Sun Microsystems, Inc.  Oracle System Handbook - ISO 7.0 May 2018 Internal/Partner Edition
   Home | Current Systems | Former STK Products | EOL Systems | Components | General Info | Search | Feedback

Asset ID: 1-72-2202721.1
Update Date:2018-03-06
Keywords:

Solution Type  Problem Resolution Sure

Solution  2202721.1 :   Infiniband Switch Stays In Pre-boot Environment During Upgrade/Reboot  


Related Items
  • Oracle Exalogic Elastic Cloud Software
  •  
  • Exadata Database Machine X2-2 Hardware
  •  
Related Categories
  • PLA-Support>Eng Systems>Exalogic/OVCA>Oracle Exalogic>MW: Exalogic Core
  •  




In this Document
Symptoms
Changes
Cause
Solution
References


Created from <SR 3-13529722291>

Applies to:

Oracle Exalogic Elastic Cloud Software - Version 2.0.6.2.161018 and later
Exadata Database Machine X2-2 Hardware - Version All Versions and later
Oracle Solaris on x86-64 (64-bit)
Linux x86-64
Oracle Virtual Server x86-64

Symptoms

When upgrading gateway switch, it boots in pre-boot environment everytime.

Even power-cycling many times we see the same behavior 'boot' command was also run from pre-boot environment but we see same issue.

Following is the snippet showing IB Switch bootup stuck in pre-boot phase. 

$ ssh root@172.25.xxx.xx

Sun Data center switch pre-boot environment.

root@172.25.xxx.xx's password:

Sun Data center switch pre-boot environment.

======================================================================
= =
= WARNING: This is pre-boot environment used for system maintenance. =
= Application image is not active!!! =
= =
======================================================================

Do you wish to remain in pre-boot environment?
If you do, please answer 'y' (timeout 10 seconds) [N/y]:N

Trying to start application image ...
init> Connection to 172.25.xxx.xx closed by remote host.
Connection to 172.25.xxx.xx closed.

[wtorres@sopsun ~]$ ssh root@172.25.xxx.xx

Sun Data center switch pre-boot environment.

root@172.25.xxx.xx's password:

Sun Data center switch pre-boot environment.

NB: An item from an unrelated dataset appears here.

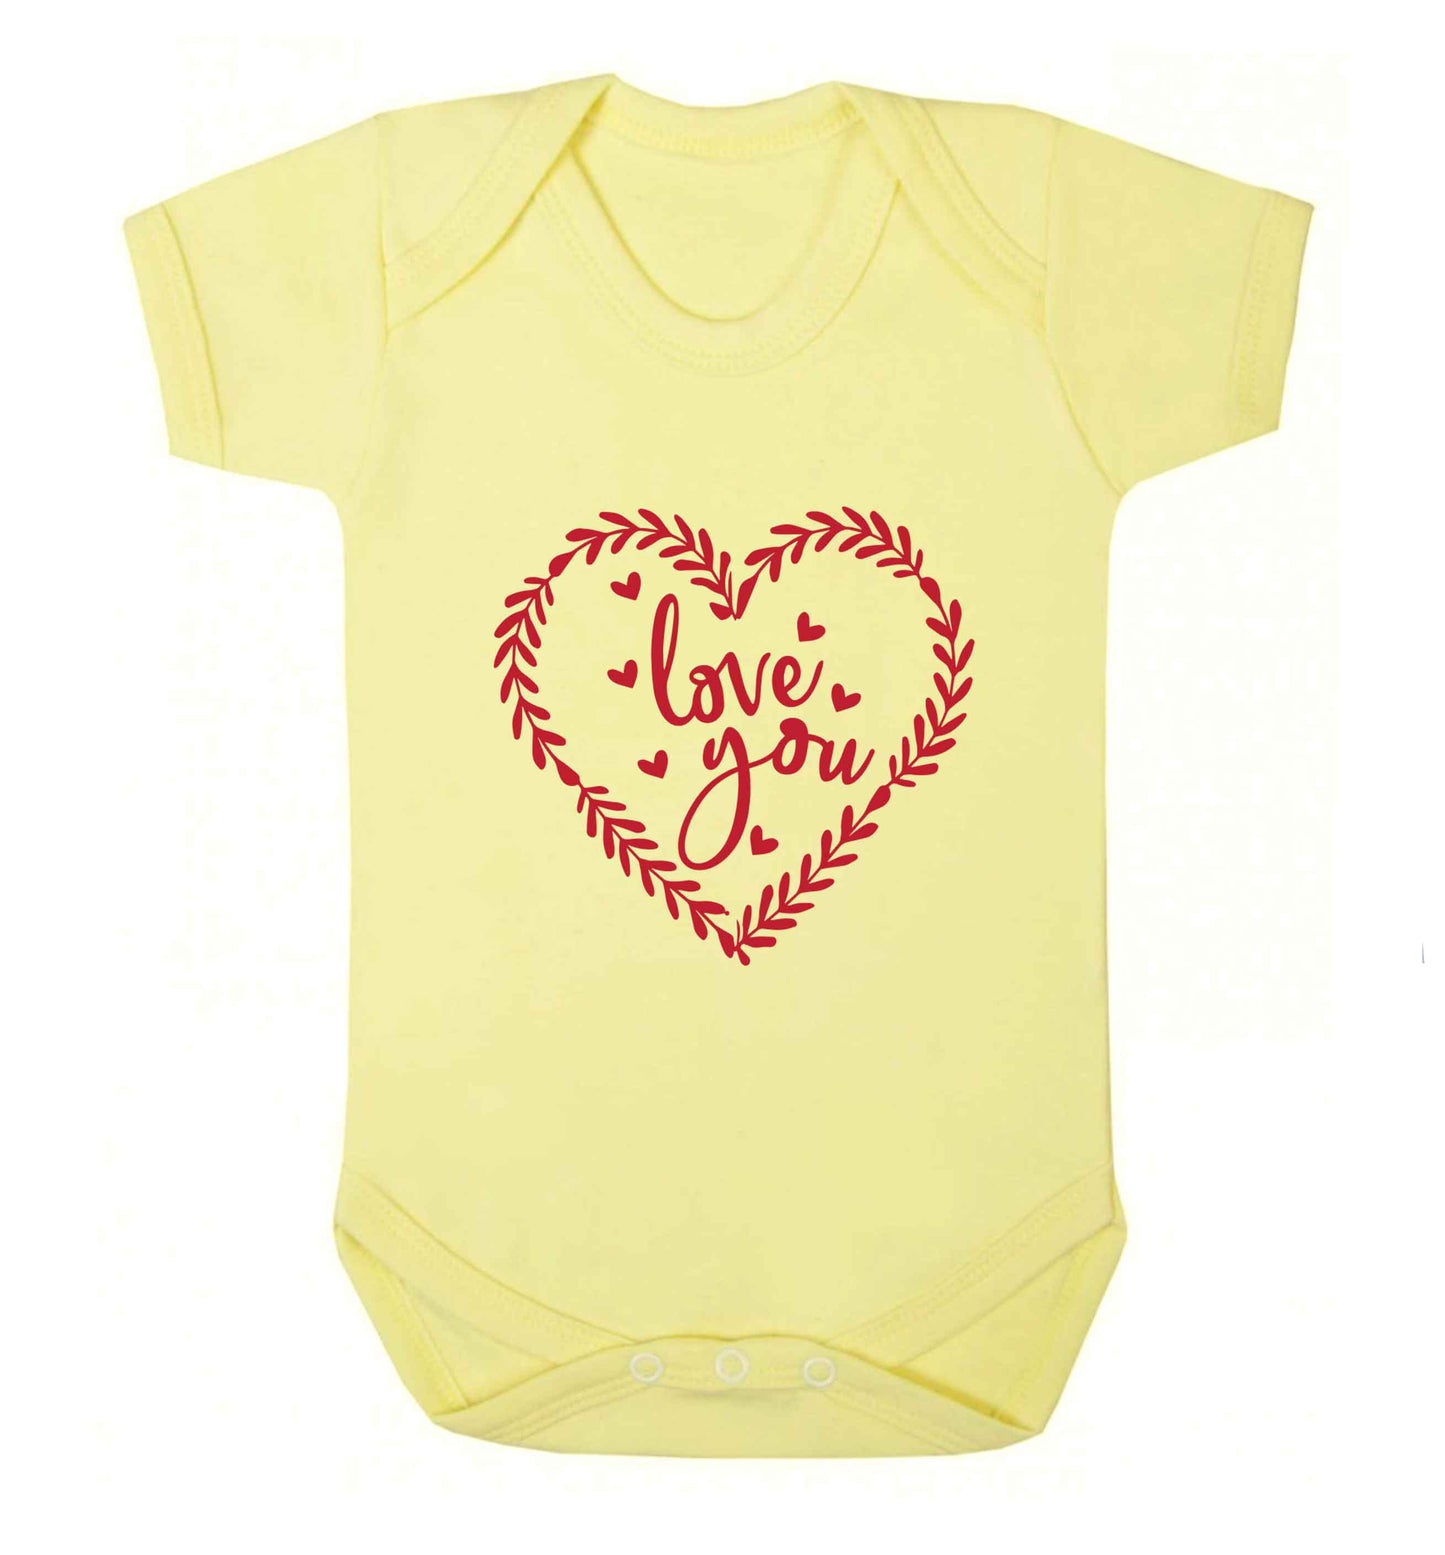 Love you baby vest pale yellow 18-24 months

======================================================================
= =
= WARNING: This is pre-boot environment used for system maintenance. =
= Application image is not active!!! =
= =
======================================================================

Do you wish to remain in pre-boot environment?
If you do, please answer 'y' (timeout 10 seconds) [N/y]:y

To start application image enter command 'boot' at any time.

init> help

boot - start application image
check_app_partition - check if application image is bootable
fwupgrade_ssh - do tasks related to upgrade of application image over SSH
fwupgrade_ftp - do tasks related to upgrade of application image over FTP
fwupgrade_tftp - do tasks related to upgrade of application image over TFTP
fsck - do filesystem check of application image

init> check_app_partition
Doing filesystem check ...
e2fsck 1.39 (29-May-2006)
Superblock last mount time is in the future. Fix? no

/dev/sda5 contains a file system with errors, check forced.
Pass 1: Checking inodes, blocks, and sizes
Pass 2: Checking directory structure
Pass 3: Checking directory connectivity
Pass 4: Checking reference counts
Pass 5: Checking group summary information
/dev/sda5: 15915/110592 files (2.8% non-contiguous), 404423/441116 blocks
Everything looks OK.
init>
init> boot
init>

Sun Data center switch pre-boot environment.

(none) login: root
Password:

Sun Data center switch pre-boot environment.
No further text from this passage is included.